Sorrindo com meu pedido, ele pegou o copo e começou a caminhar de costas, em direção à mesa de bebidas.

— Não vá embora! Depois quero lhe contar o que a Colgate pode fazer para tornar a sua vida...

Eu sabia que deveria avisa-lo que ele estava prestes a colidir com um garçom, mas, ao não fazê-lo, ganhei uns vinte segundos enquanto ele tropeçava e limpava o suco da lapela. Usei esse tempo para disparar em direção ao outro lado do ginásio.

— Vanessa! — chamou uma voz feminina às minhas costas.

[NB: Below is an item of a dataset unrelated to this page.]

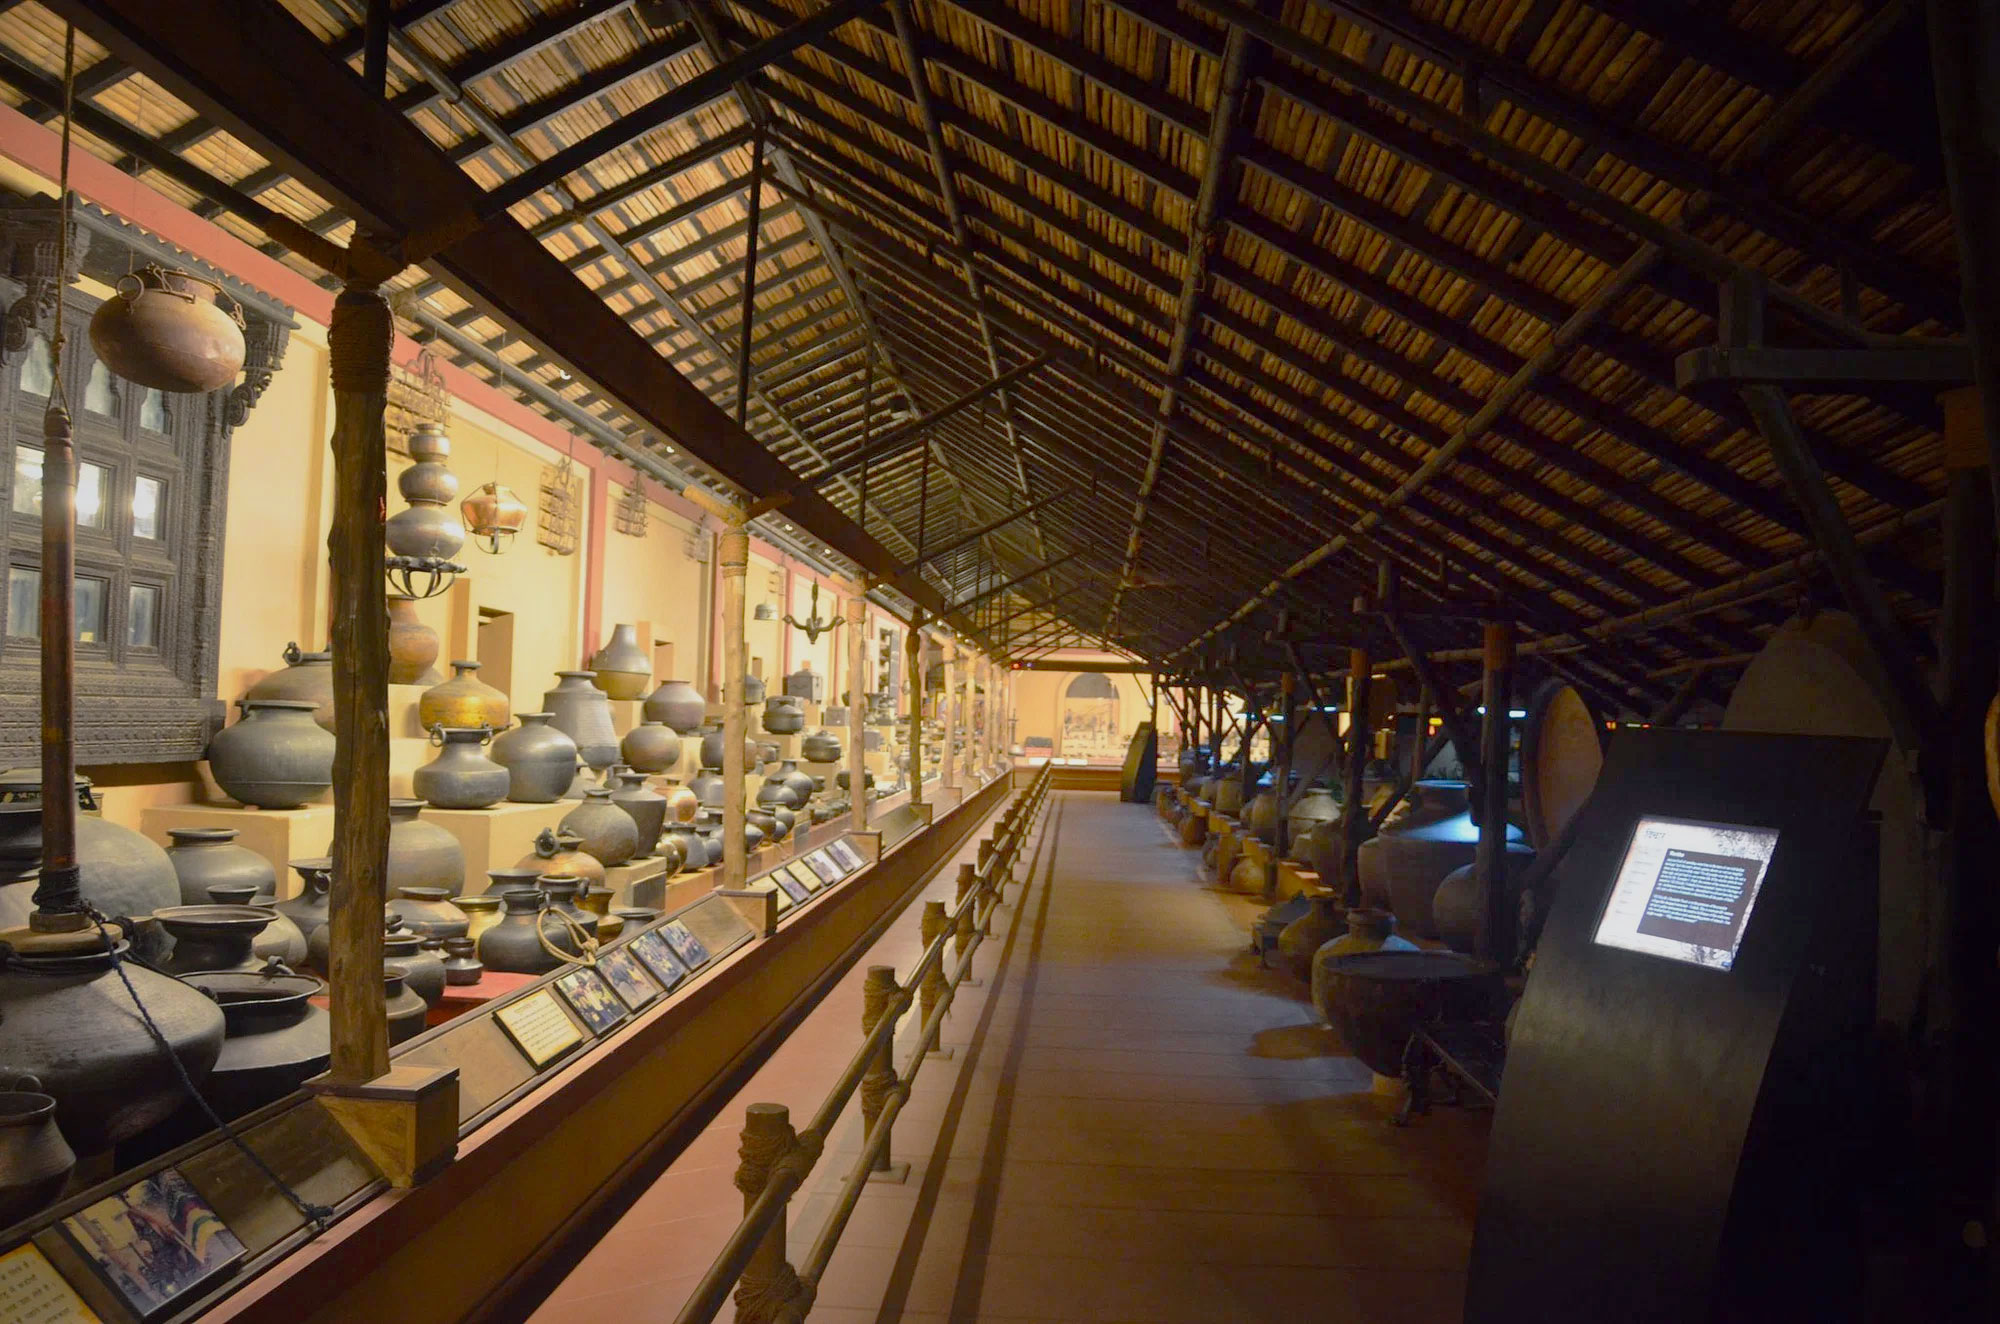 The priceless display of ancient utensils at the The Vechaar Cultural and Heritage Museum of Utensils in Ahmedabad Gujarat

Olhei por sobre os ombros e vi a Srta. Mulligan correndo atrás de mim, empunhando uma bandeirinha azul de Yale acima da cabeça. Atrás dela, havia outro recrutador de terno risca de giz e gravata vinho. Ele já estava sorrindo, o que me levou a andar mais rápido. Cercada por grupos de estudantes, ziguezagueei pelo ginásio. Quando atingi a seção quase vazia de faculdades estaduais, que a Hawthorne se dignara a incluir para os poucos alunos que tinham bolsa de estudos, a Srta. Mulligan e o sujeito de Yale haviam desistido de mim e se dirigido ao presidente da turma do último ano.

Peguei uma garrafa d'água na mochila e bebi. Não estava me sentindo bem desde a longa conversa com meu pai no dia anterior, quando eu contara tudo que sabia sobre as Marchand e o verão passado e lhe mostrara artigos do Winter Harbor Herald na internet. Também contei que herdara algumas das habilidades de Charlotte, mas deixei de fora detalhes fundamentais, por exemplo: meu envolvimento no congelamento do porto e como minha saúde física estivera imprevisível desde então. Mesmo sem entrar em detalhes, a conversa durou horas. Deixei o escritório dele exausta e com mais sede do que já havia sentido em semanas. Teria faltado ao evento de hoje se a presença não fosse obrigatória para todos os alunos do último ano – eu não precisava atrair ainda mais atenção indesejada quebrando as regras e me metendo em confusão.

Além disso, o evento me dava uma desculpa para ficar fora de casa por algumas horas. Estar ali, na escola, era esquisito e desconfortável, mas, como minha mãe ainda estava entretida com seus filmes caseiros e meu pai havia tirado o dia de folga para se esconder no escritório, também era preferível.

Andei pela área do ginásio tomando cuidado para ficar a uma distância segura das longas mesas cobertas com finas toalhas de linho e buquês de flores.

Nós havíamos sido instruídos a quebrar o estrito código de vestimenta para que o evento parecesse mais a festa descontraída que era para ser, e meus colegas de classe aproveitaram a oportunidade para vestir suas melhores roupas de grife.